So viele tot, so wenige zuständig

Als die Flut kam, trafen sich Männer und Frauen im Kreishaus in Bad Neuenahr-Ahrweiler – die Technische Einsatzleitung, TEL. Aber dieser Krisenstab in seinem Keller bekam von der Eskalation draußen wenig mit. Immer wieder brach der Handyempfang ab, der Kontakt zu den Feuerwehren im Einsatz auch. Die Wucht der Zerstörung, sagten TEL-Mitglieder später, sei ihnen erst klar geworden, als sie am Morgen den Keller verließen.

Die Flut am 14. Juli 2021 riss mit, was ihr im Wege stand: Häuser, halbe Orte, Menschen – 134 starben allein im Ahrtal. Nun sucht ein Untersuchungsausschuss nach der rechtlichen und politischen Verantwortung. Und die Staatsanwaltschaft Koblenz ermittelt gegen zwei Männer aus dem Ahrtal: den Landrat und seinen Einsatzleiter in jener Nacht, einen Feuerwehrmann.

Eine Recherche von WELT AM SONNTAG zeigt jedoch, dass die Lage komplexer war – und ein Teil der Verantwortung wohl bei der Landesregierung zu suchen ist.

Auf den ersten Blick scheint die Lage klar: Für Katastrophenschutz sind Kreise und kreisfreie Städte zuständig. So regelt es ein Gesetz in Rheinland-Pfalz. Und so argumentiert die Staatsanwaltschaft. Darum ermittelt sie wegen des Anfangsverdachts der fahrlässigen Tötung und fahrlässiger Körperverletzung durch Unterlassen bislang gegen den Landrat Jürgen Pföhler und seinen Einsatzleiter.

Der Vorwurf: Beide hätten zu spät gehandelt. Schon kurz nach 17 Uhr, spätestens aber nach einer klaren Hochwasserprognose um halb neun, hätte man warnen und evakuieren müssen. Evakuierungen sollen aber erst kurz nach 23 Uhr angeordnet worden sein.

Im Mittelpunkt der Vorwürfe steht der Landrat: Er kam nur zwei Mal im Krisenstab vorbei. Während der Einsatzleiter versuchte, etwa Hubschrauber zu organisieren, sahen Zeugen den Landrat zu Hause. Pföhler soll Nachbarn zudem früher als die Allgemeinheit gewarnt haben. Sein Anwalt aber erklärt: Der Landrat habe keine Pflichtverletzung begangen, da die Zuständigkeit nicht bei ihm gelegen habe. Sondern beim Land.

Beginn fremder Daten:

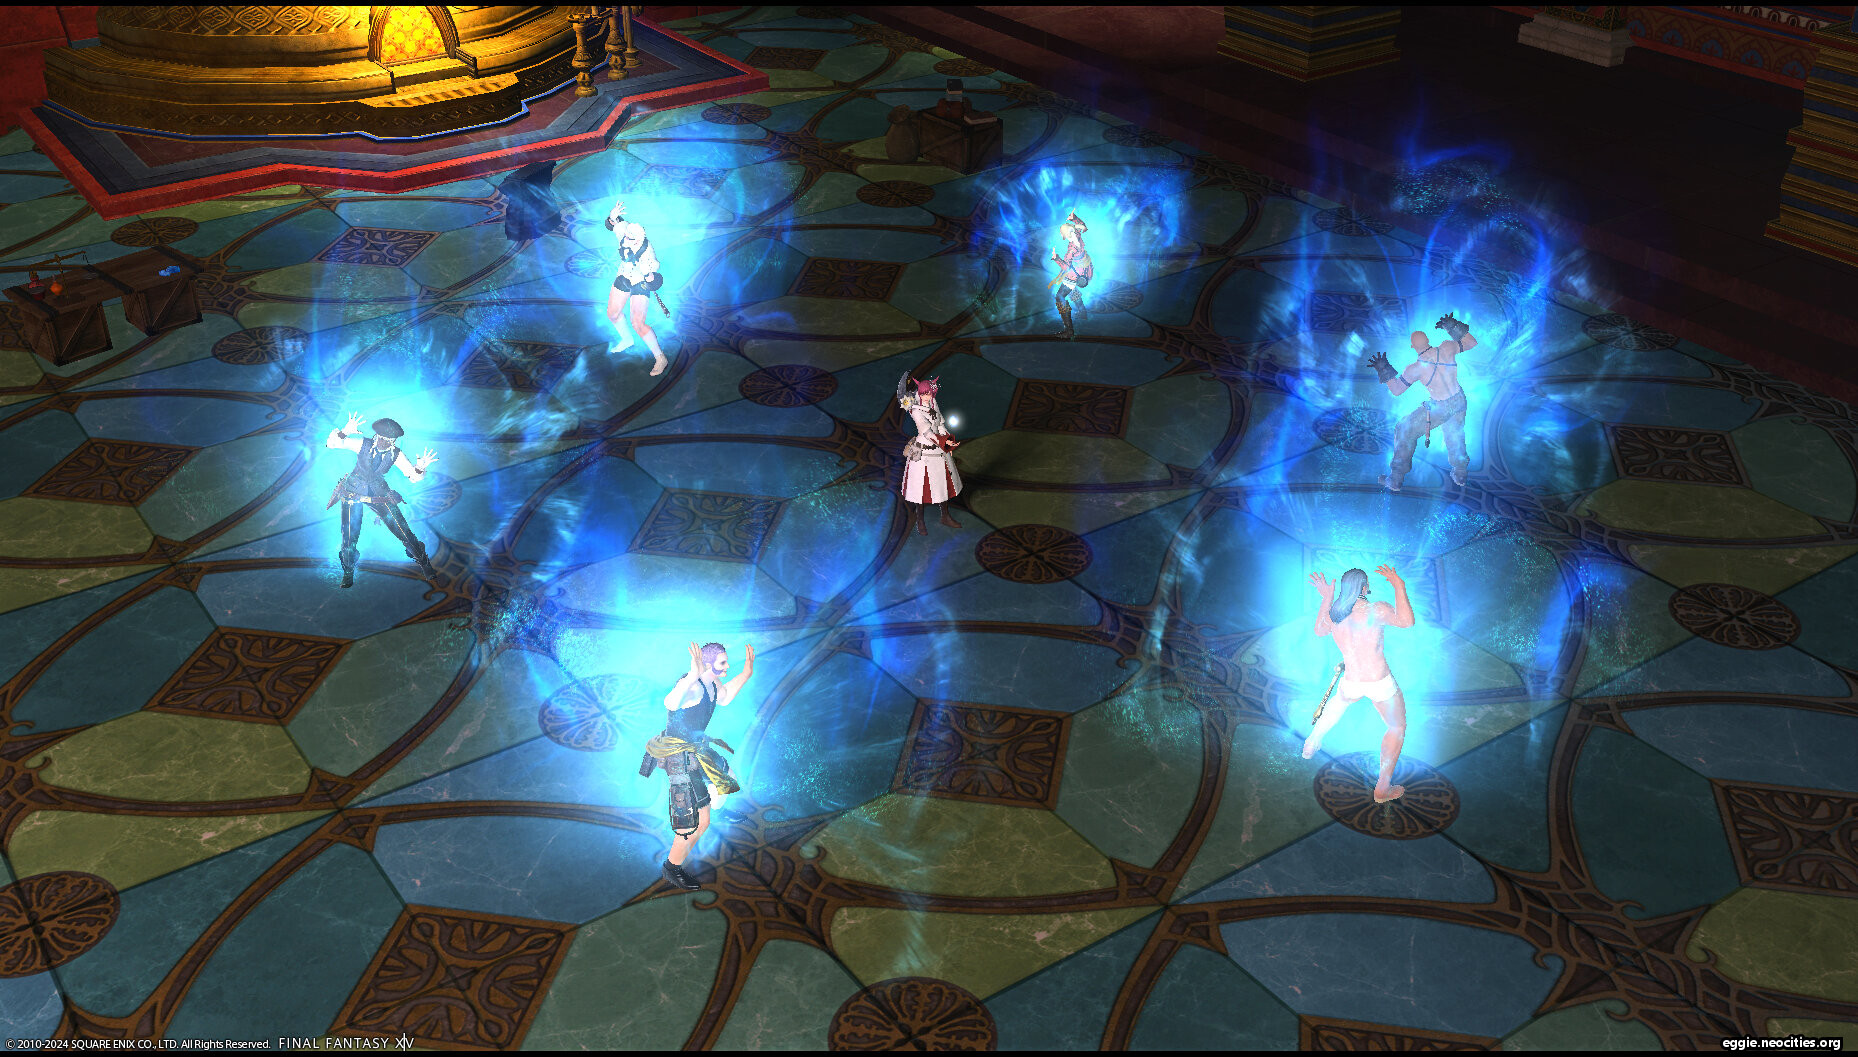 A scene from the Manderville relic quests finale. The NPCs involved are dancing the Manderville in a circle around Zel while they glow blue.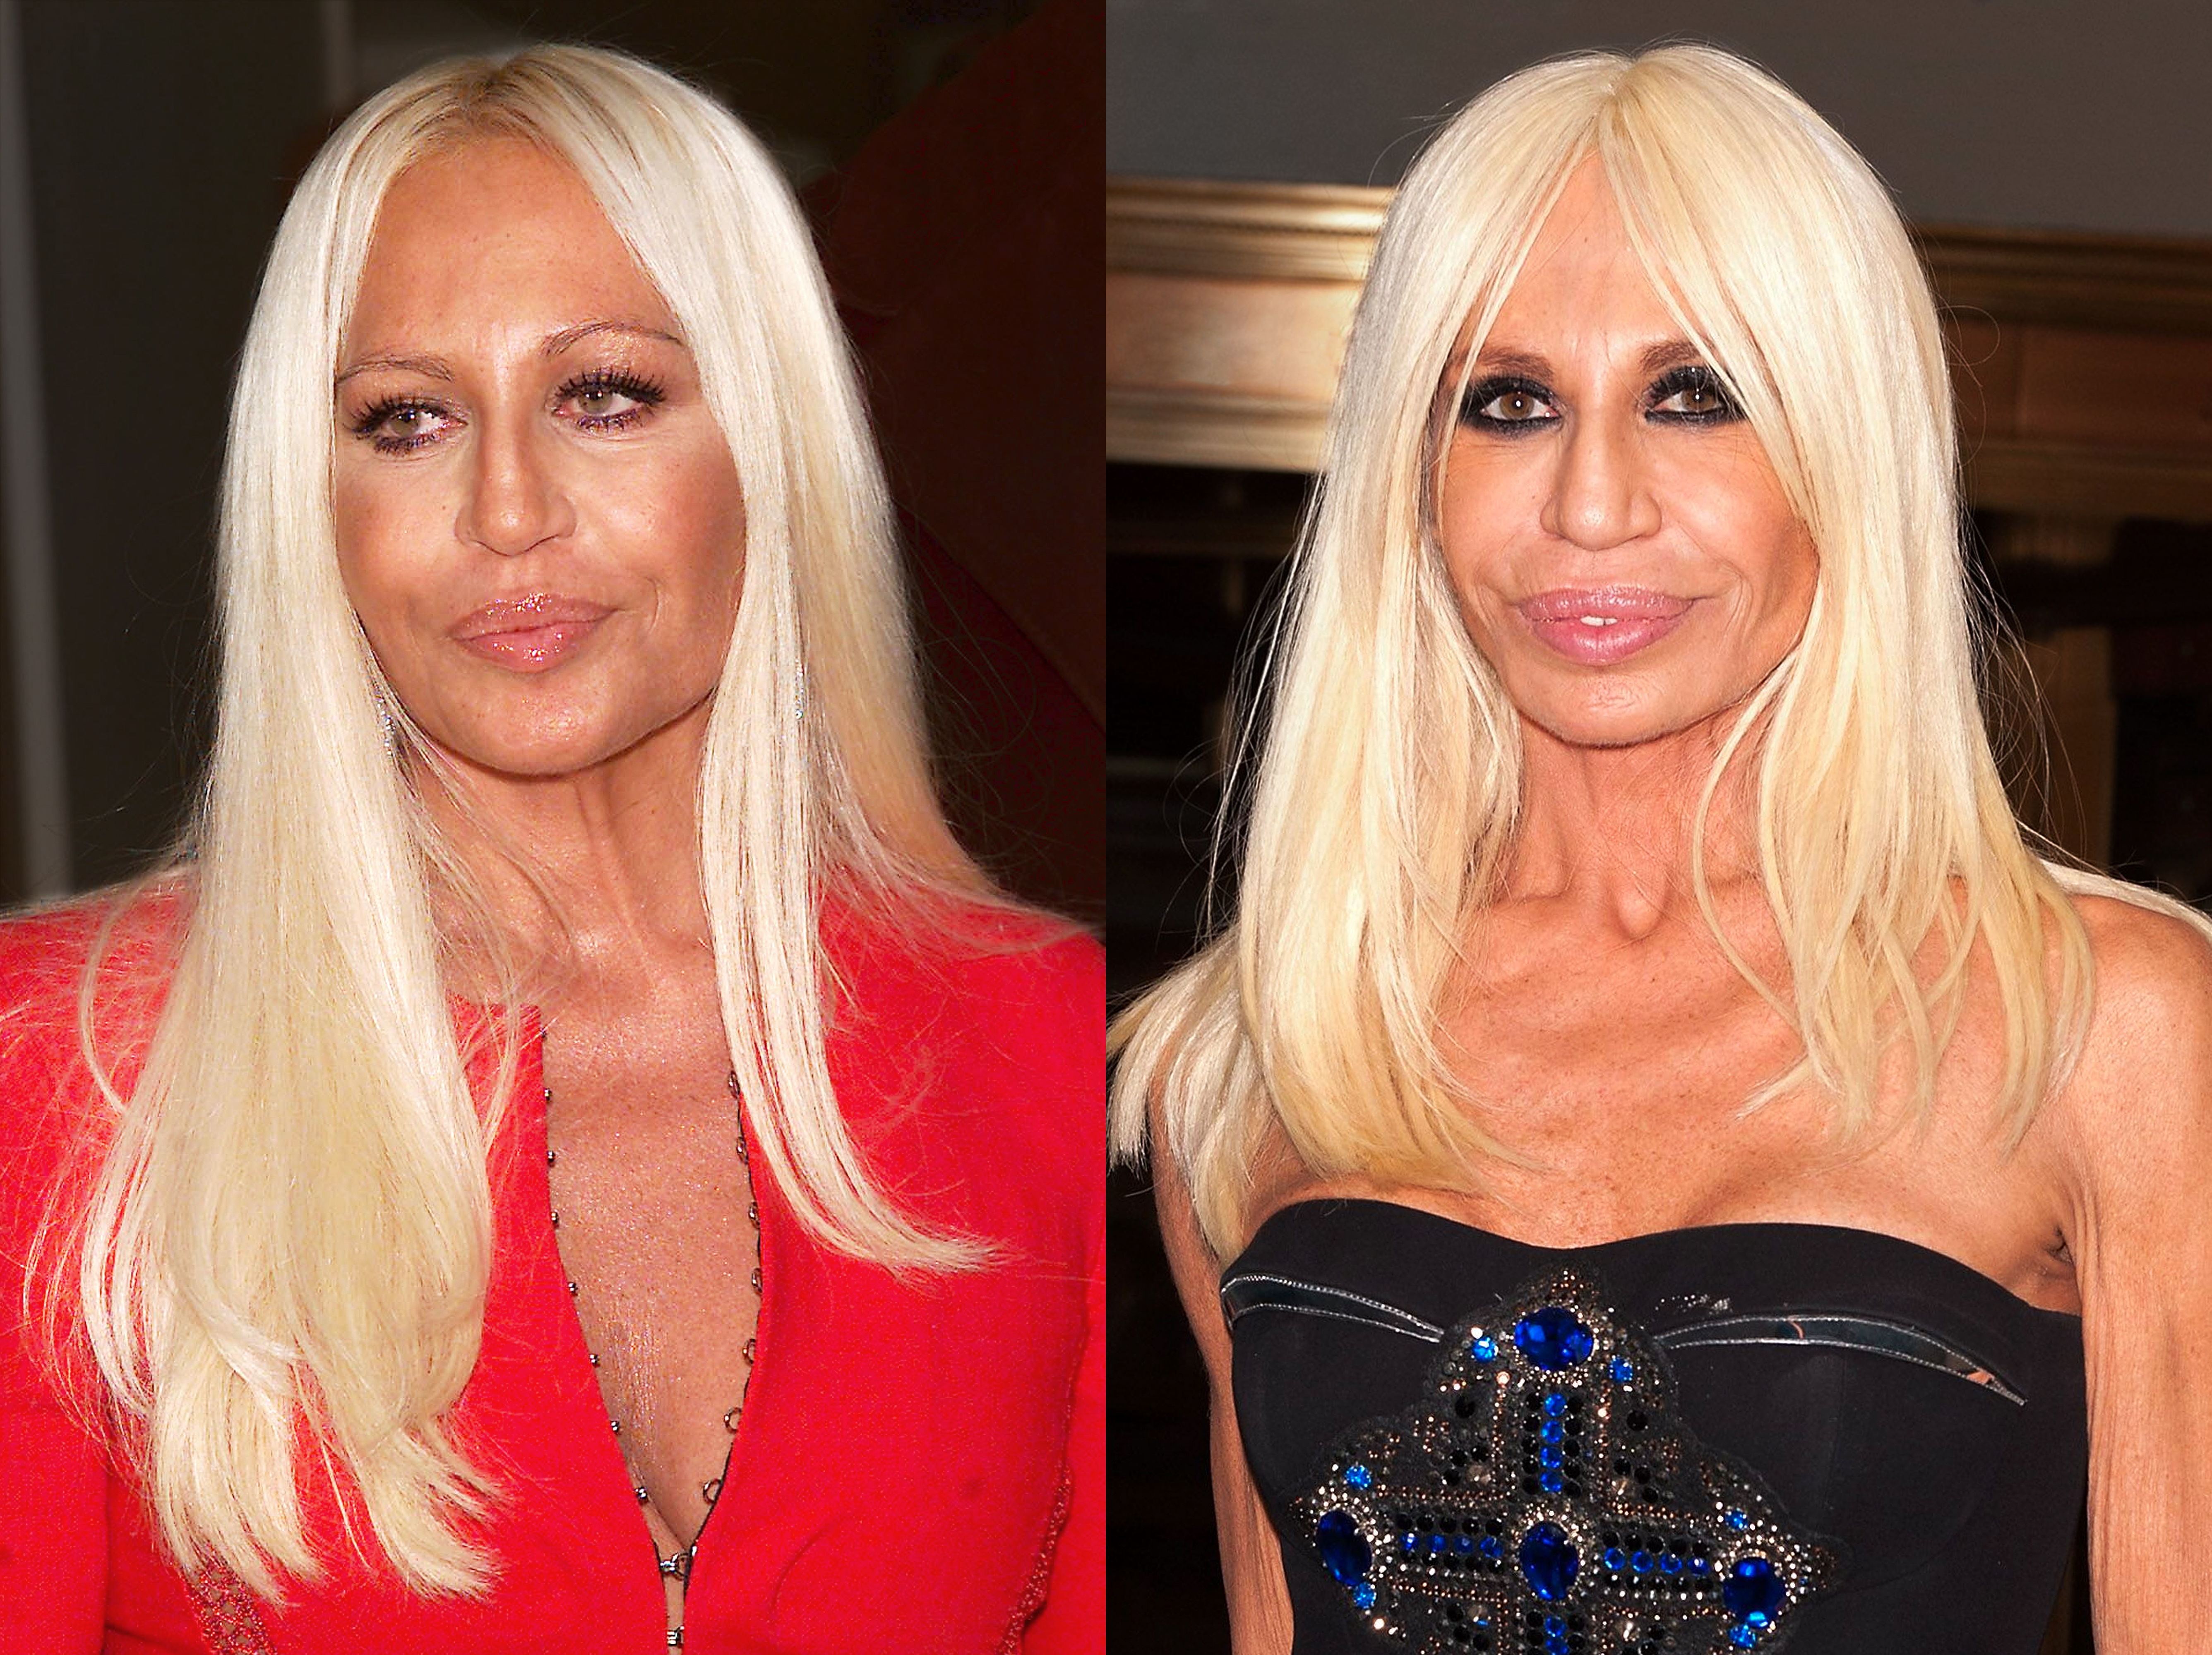 Donatella Versace in 2001 vs 2012 | Source: Getty Images

Die Staatsanwaltschaft sieht derzeit jedoch keinen Anfangsverdacht gegen Vertreter des Landes. Der Leitende Oberstaatsanwalt sagte im U-Ausschuss: Laut Gesetz sei der Landrat für Katastrophenereignisse verantwortlich. Diese Aufgabe habe die Kreisverwaltung an dem Abend an den Einsatzleiter delegiert. Aber: Ist die Frage der Zuständigkeit damit beantwortet?

Vielleicht hätte die zentrale Aufsichts- und Dienstleistungsdirektion in Trier eingreifen müssen, die ADD – sie hatte den besten Überblick, wie Aussagen nahelegen. In der ADD wollte am Tag der Flut ein Brandrat eigentlich um 17 Uhr Feierabend machen. Daraus wurde nichts. Erst gab es eine Besprechung mit dem Feuerwehrtechnischen Dienst, weil absehbar gewesen sei, dass es zu einem Unwetter komme, erzählte der Brandrat Ermittlern nach Informationen dieser Zeitung.